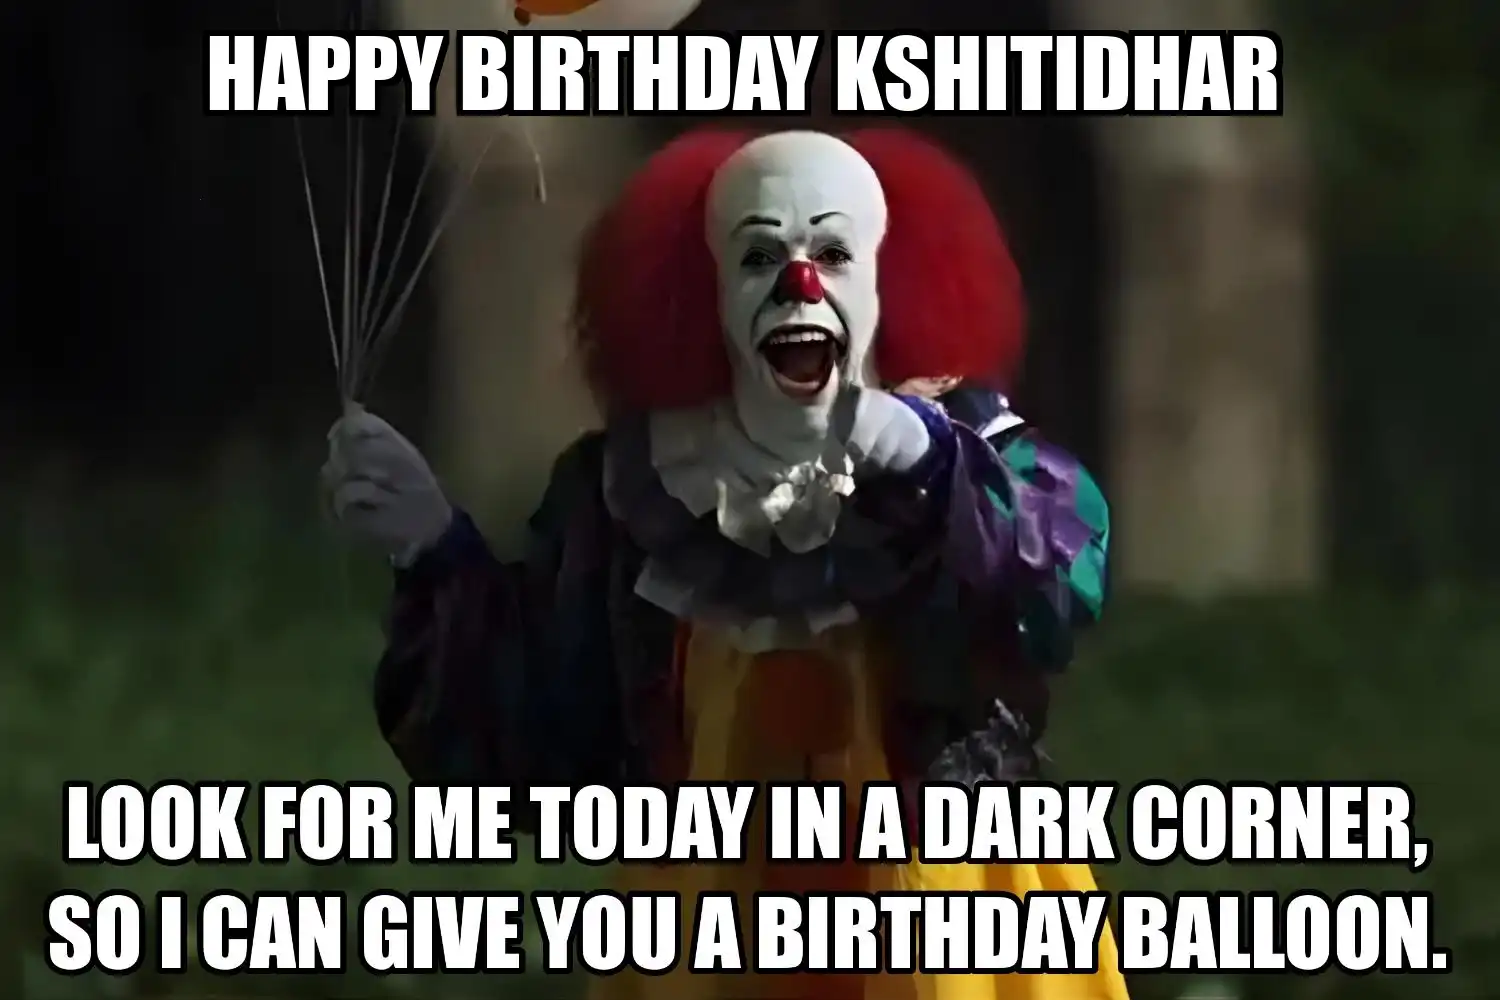 Happy Birthday Kshitidhar I Can Give You A Balloon Meme
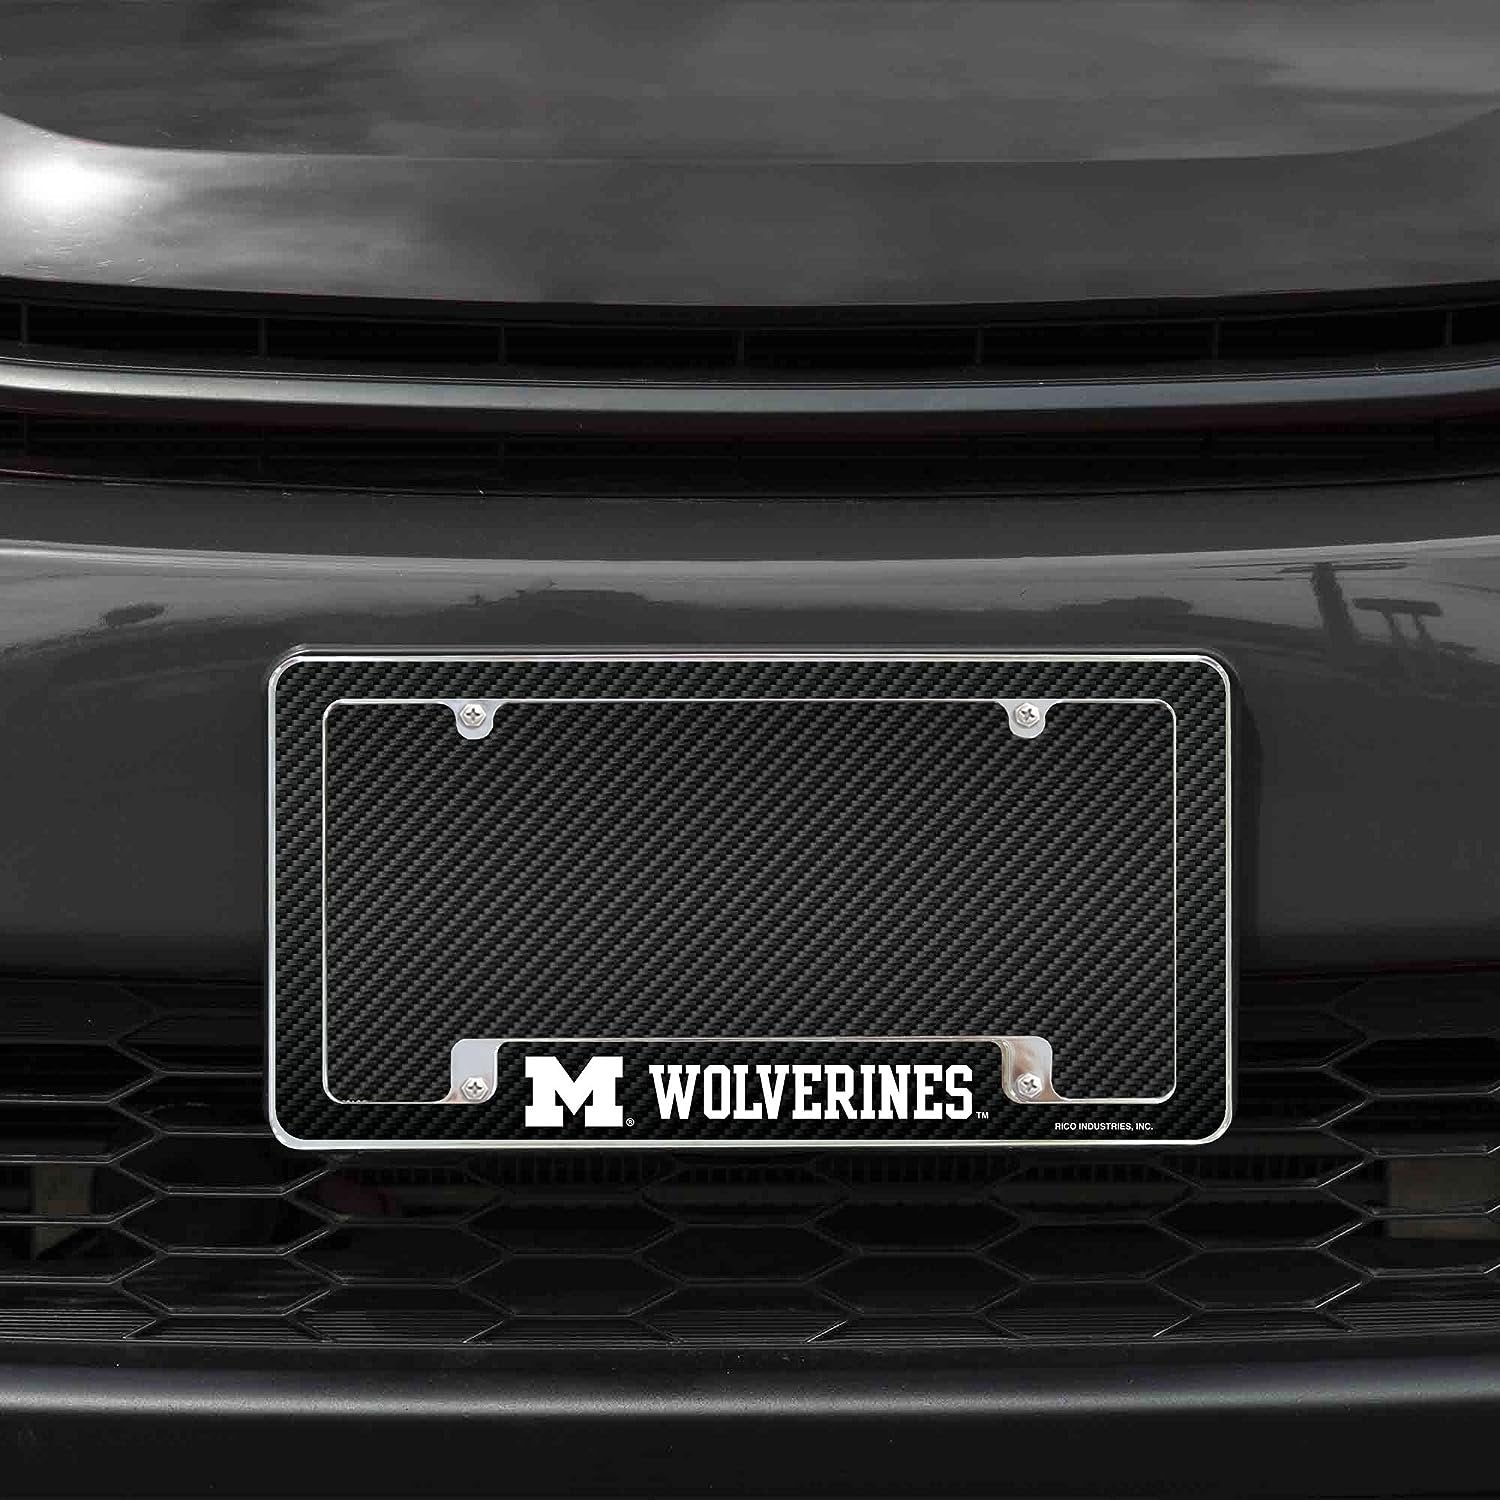 University of Michigan Wolverines Metal License Plate Frame Chrome Tag Cover 12x6 Inch Carbon Fiber Design
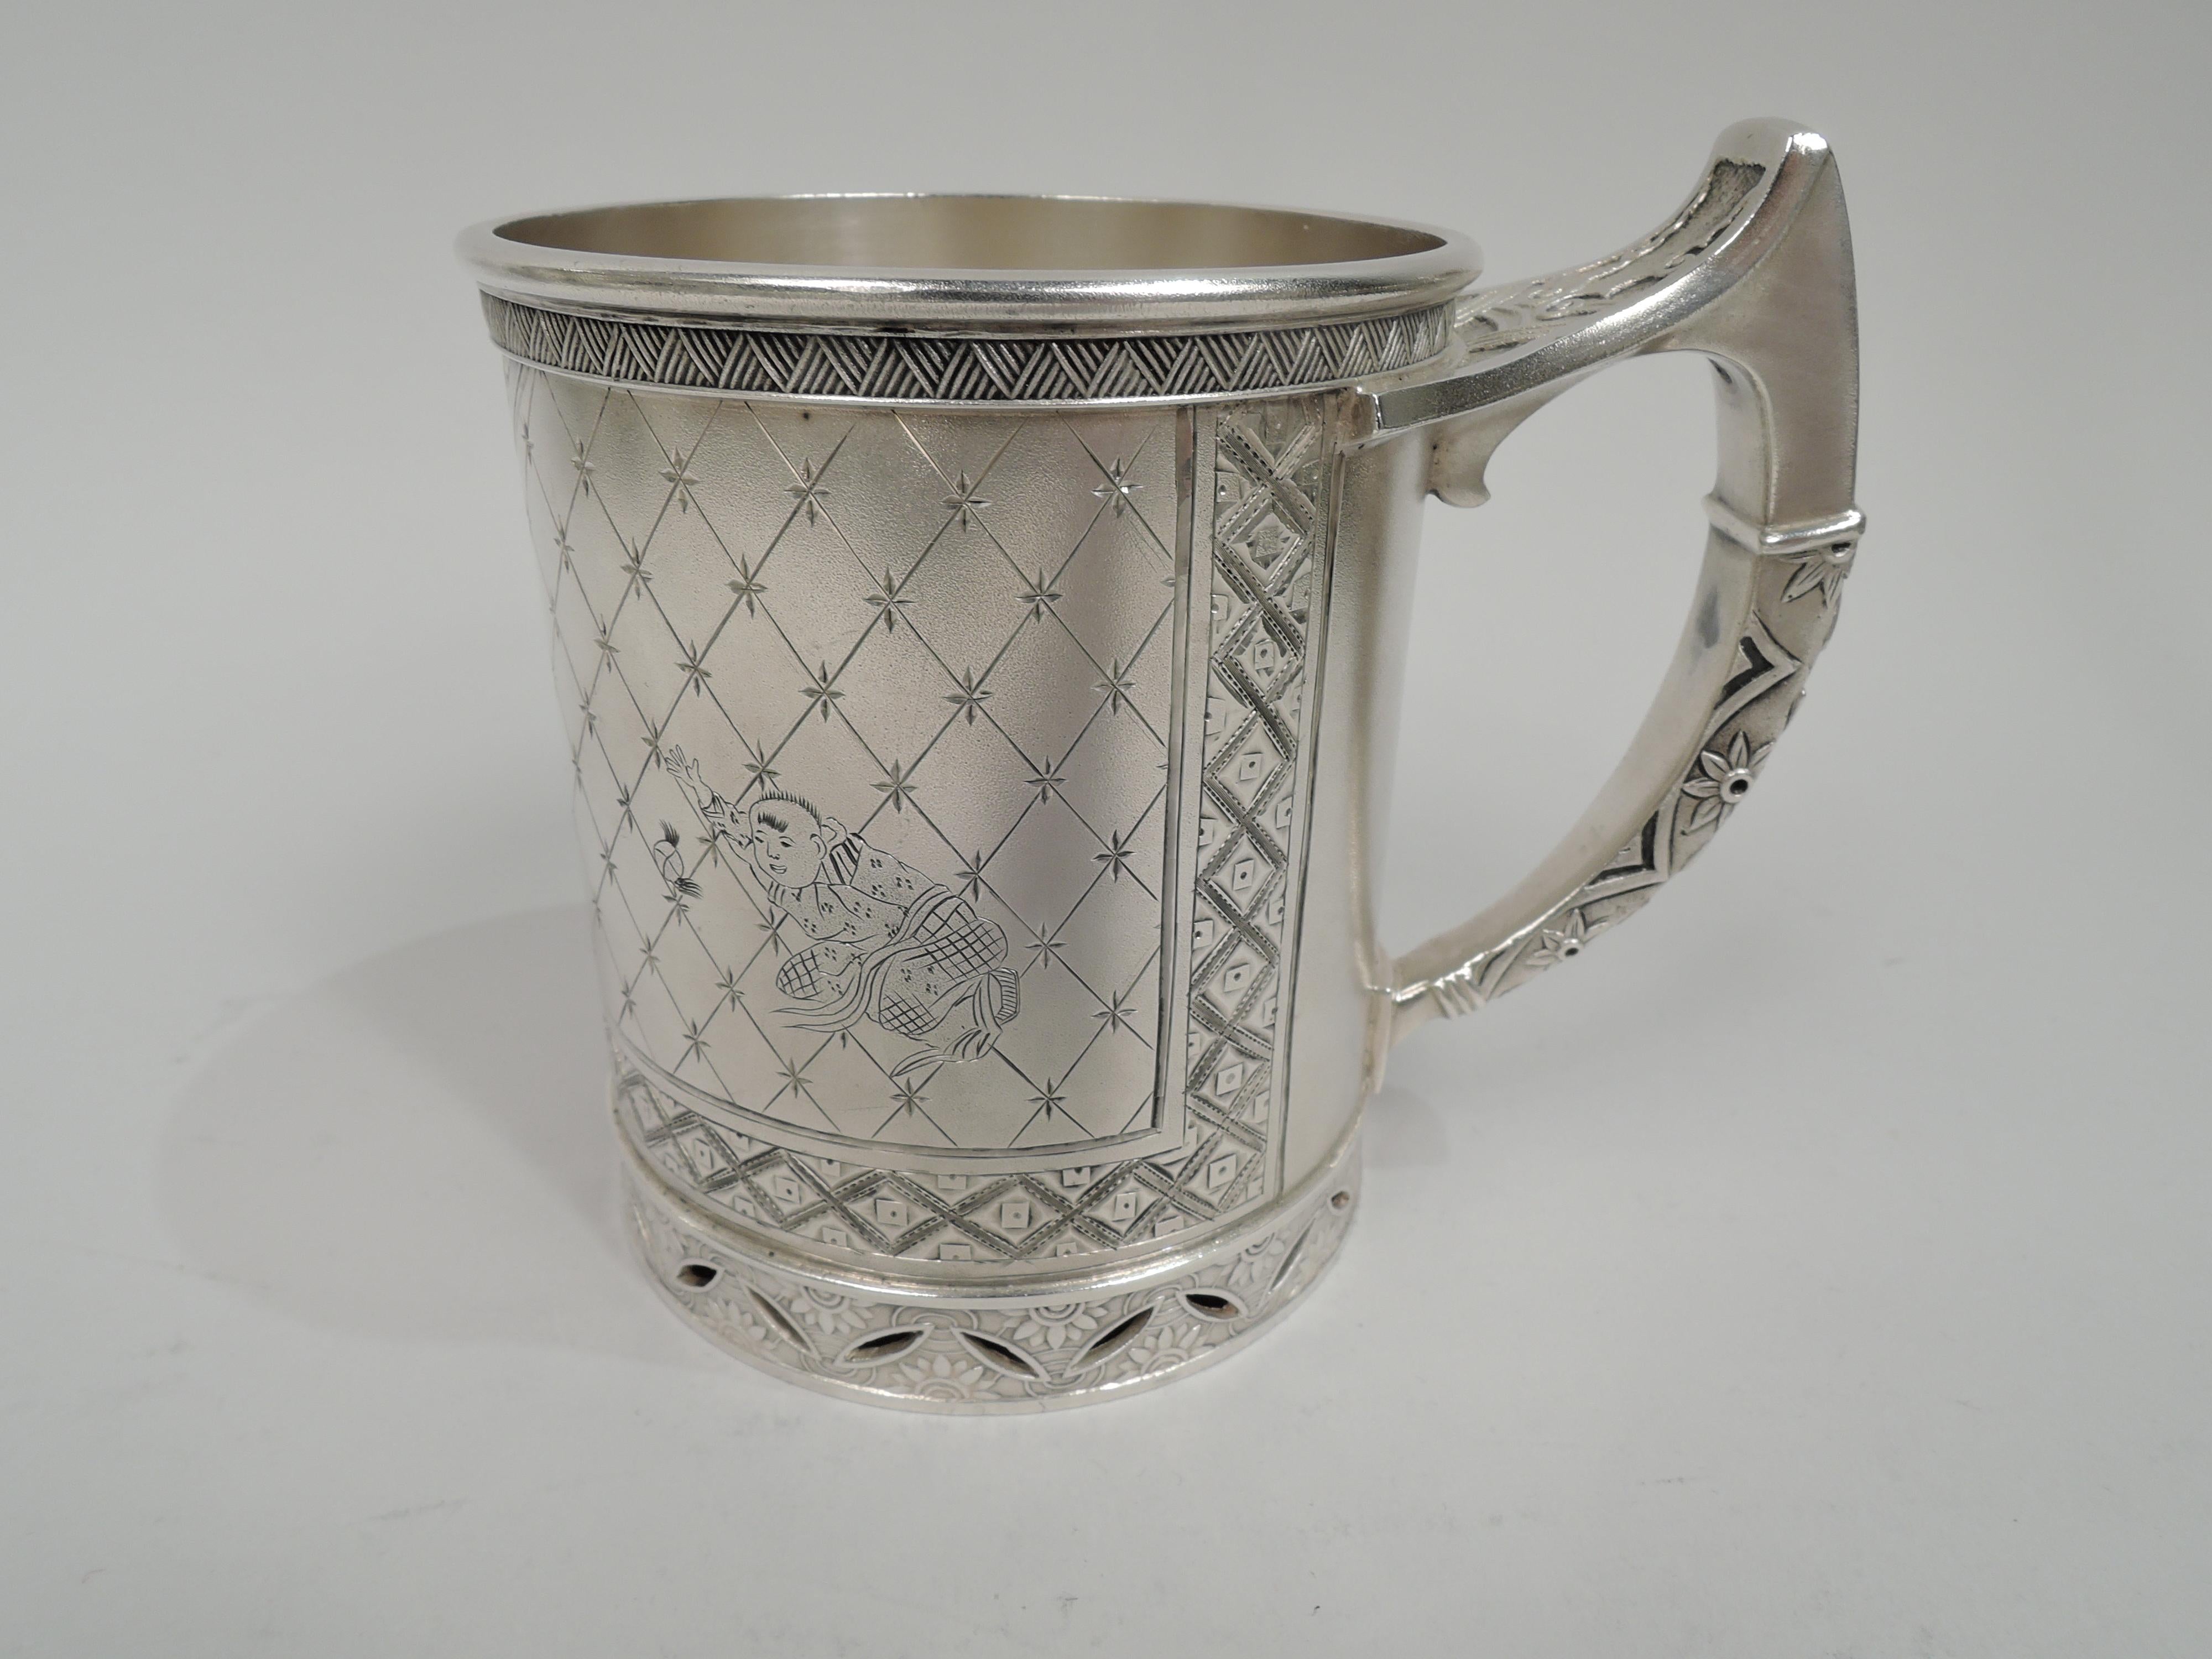 Market-fresh modish Japonesque sterling silver baby cup. Retailed by Tiffany & Co. in Union Square, New York. Straight sides and split-mounted high-looping. Butler-finish with kimono-clad, bristly-haired figures. One peeps from behind round
---+---
— Task goal —
All of the data needs repeating exactly, but the pictures do not.

— Response box —
 Happy Birthday Kshitidhar I Can Give You A Balloon Meme
 University of Michigan Wolverines Metal License Plate Frame Chrome Tag Cover 12x6 Inch Carbon Fiber Design
 Market-fresh modish Japonesque sterling silver baby cup. Retailed by Tiffany & Co. in Union Square, New York. Straight sides and split-mounted high-looping. Butler-finish with kimono-clad, bristly-haired figures. One peeps from behind round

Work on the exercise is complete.